Re: [idn] What important would UTF-8 break?



Hi Dan,

> What applications will break?
> The most important I can think of is e-mail.
> But it need not break. Many wanting to use non-ASCII will
> probably have an ASCII name for use in e-mail for many years
> more. And the enhanced e-mail applications that those using
> non-ASCII in names will use, will handle the conversion
> from UTF-8 to ASCII.

Wouldn't the conversion from UTF-8 to ASCII result in a transfer
encoding
syntax, that is analagous to ACE in the first place? That is in all
essence
no different from the existing proposals (i.e. IDNA) we have seen so
far,
where ACE is used as transport and representation and anything else can
be
used for the presentation layer (hell, even UTF-8 as a "pseudo-encoding"
for
the presentation layer suffices).

> Have anybody done any real tests to see what will work and
> what will not? Remember that it is those wanting to use
> non-ASCII in names who also quickly will fix their software
> to make it work. You can start to introduce UTF-8 names
> where it will not break older applications and use ASCII names
> where they will.

Main problem: When a user types in a non-ASCII e-mail address into a
"non-enhanced" (to use your terminology) e-mail application. The
application
might:

1) be nice enough to disallow that e-mail address with an error message,
or;
2) replace the highest order bit of each byte of the e-mail address with
a
0.
3) attempt to RFC-2047-nize  the non-ASCII e-mail address to a transfer
encoding (QP/B64).
4) leave it as it is and send the message to the SMTP server

and where (4) occurs, the MTA might do the following

5) replace the highest order bit of each byte of the e-mail address with
a
0.
6) convert the e-mail address to a series of question marks (i.e.
???@???.??)
7) bounce the mail

In any case, you get a mangled e-mail address that will never be able to
be
replied to.
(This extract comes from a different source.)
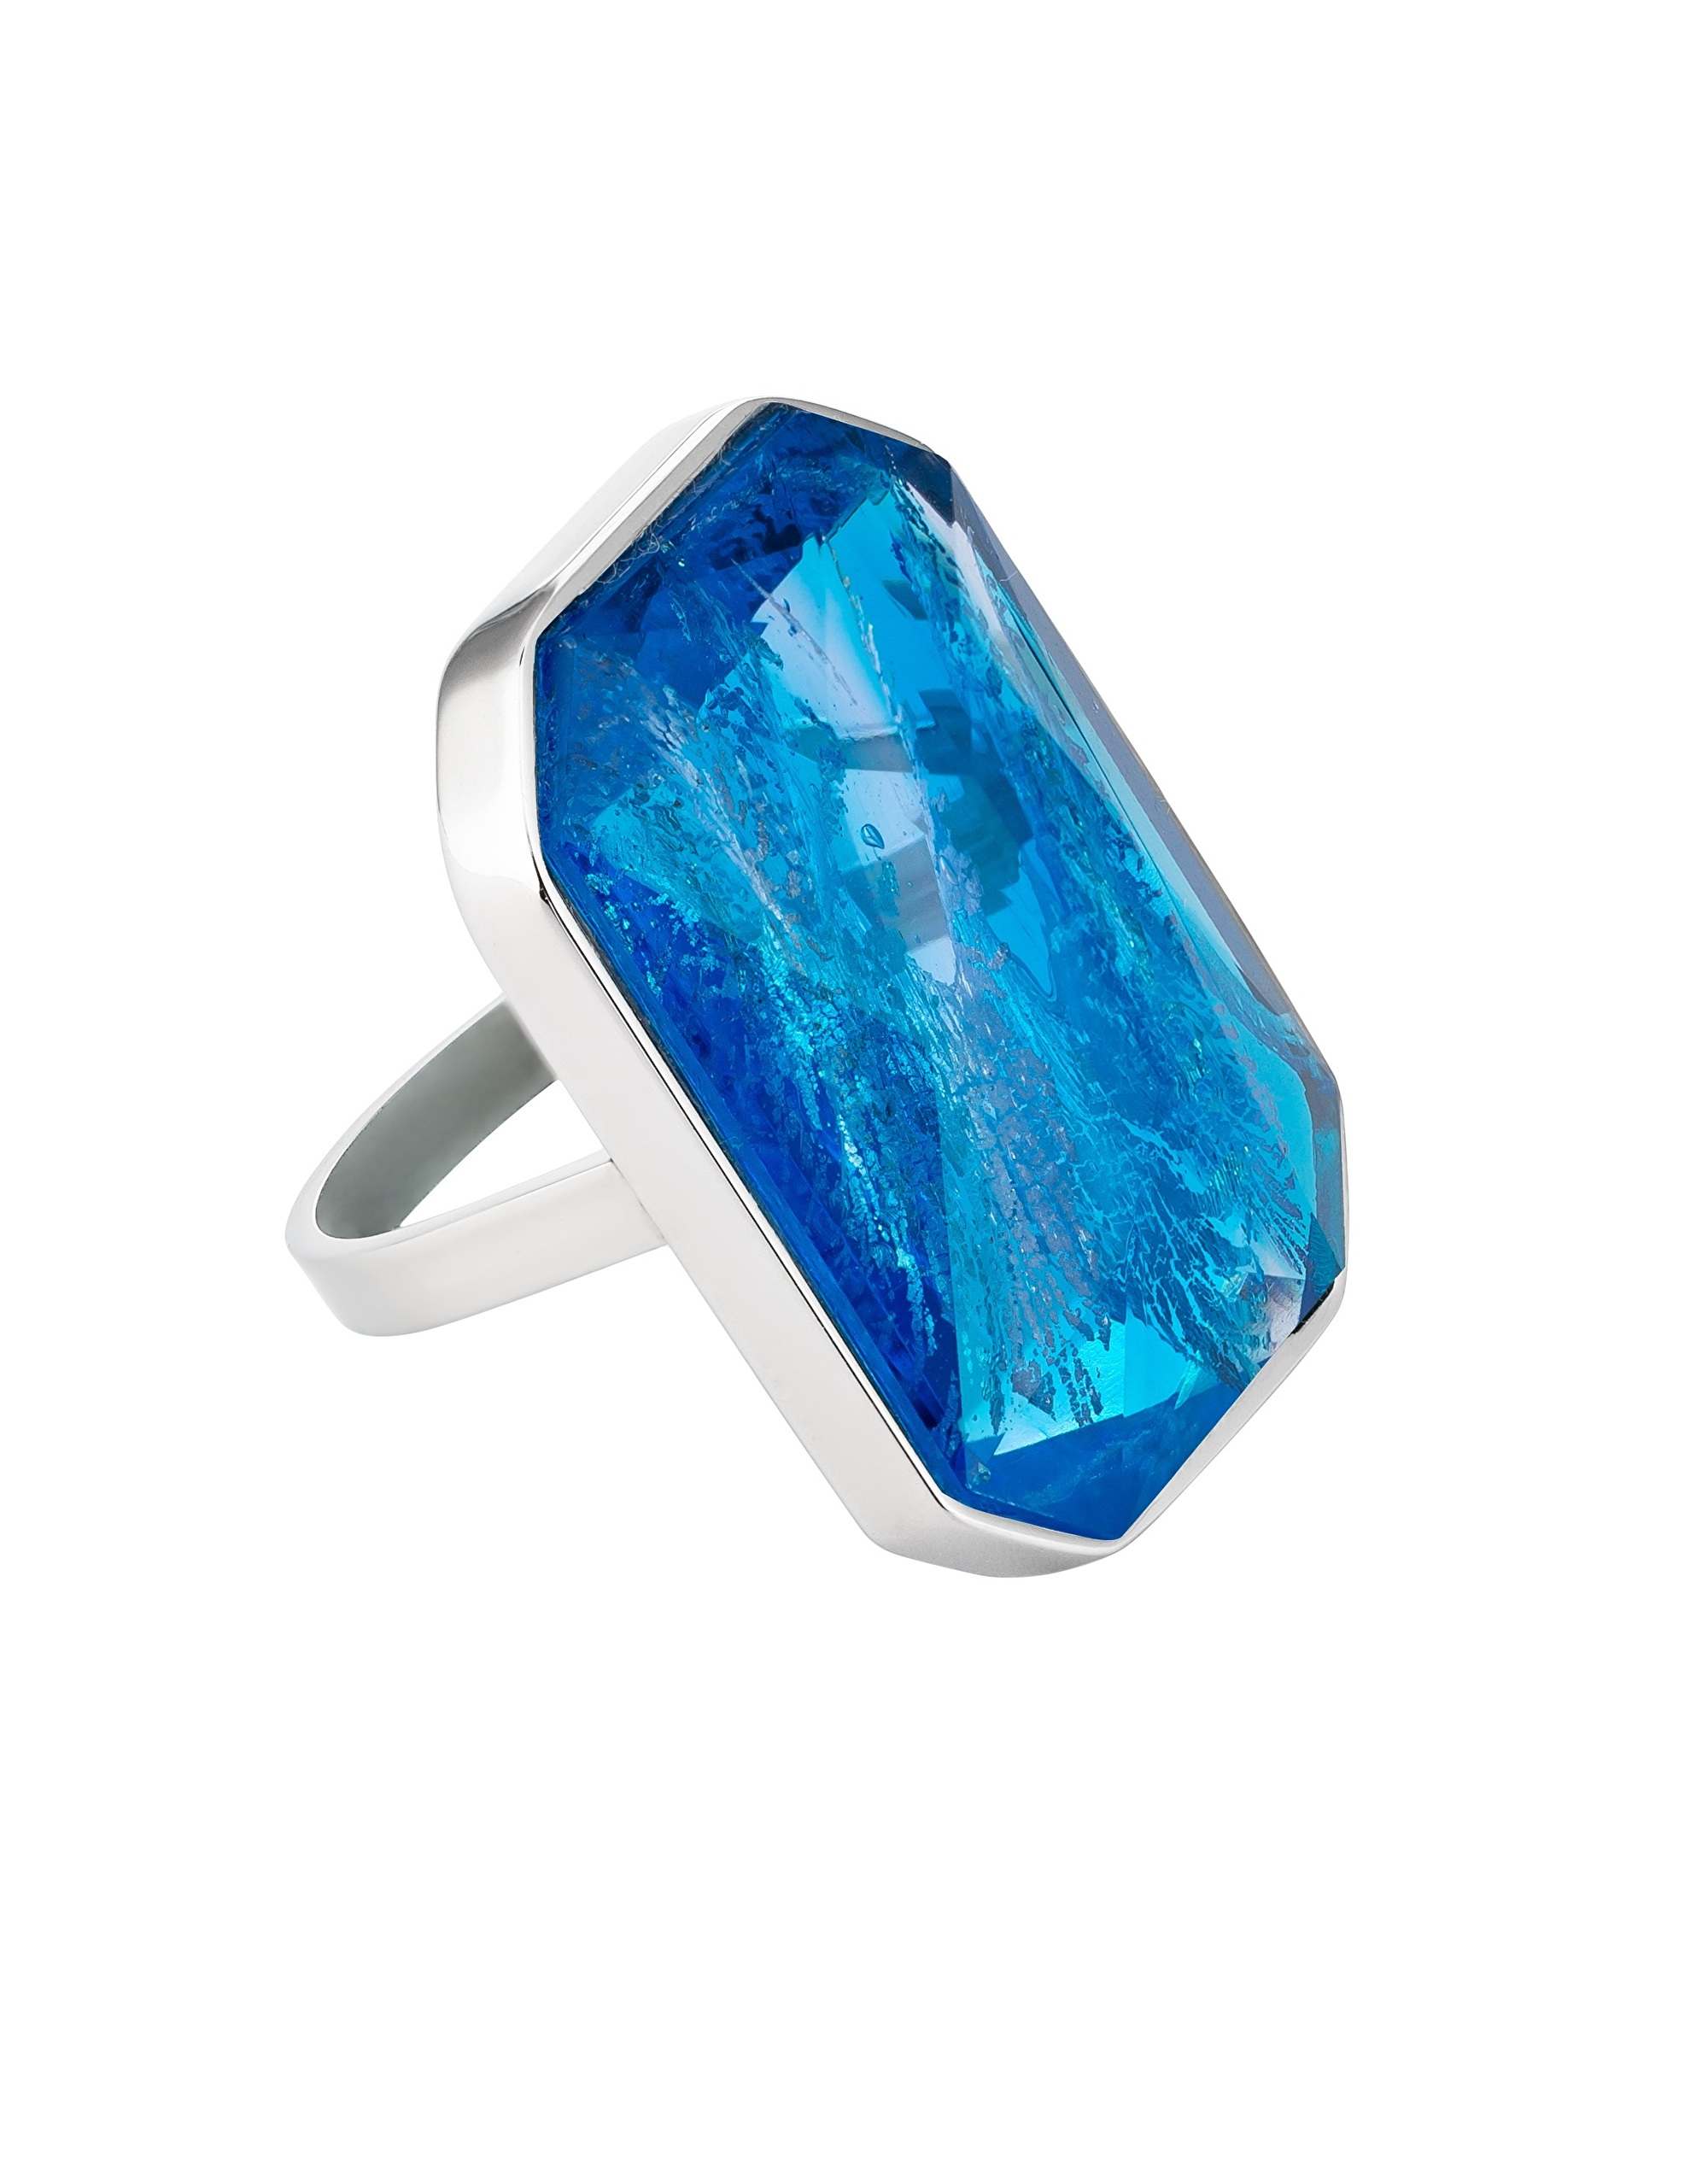 Preciosa Luxusní ocelový prsten s ručně mačkaným kamenem českého křišťálu Preciosa Ocean Aqua 7446 67 57 mm

That is certainly not an acceptable e-mail QoS standard.

By the way, this is gathered from some interoperability testing I have
done
in the past.. for the above mentioned cases, (1) is Outlook Express. (2)
is
most Unix MUAs. (3) is Netscape Mail. (4) is Eudora. (5) is Sendmail.
(6) is
Microsoft Exchange SMTP server. (7) is what you get when the e-mail
address
no longer has a valid route after being mangled

Conclusion: UTF-8 would most certainly cause e-mail to break, short of
having a flag day upgrade for all e-mail related systems on the Internet
simultaneously.

regards,
maynard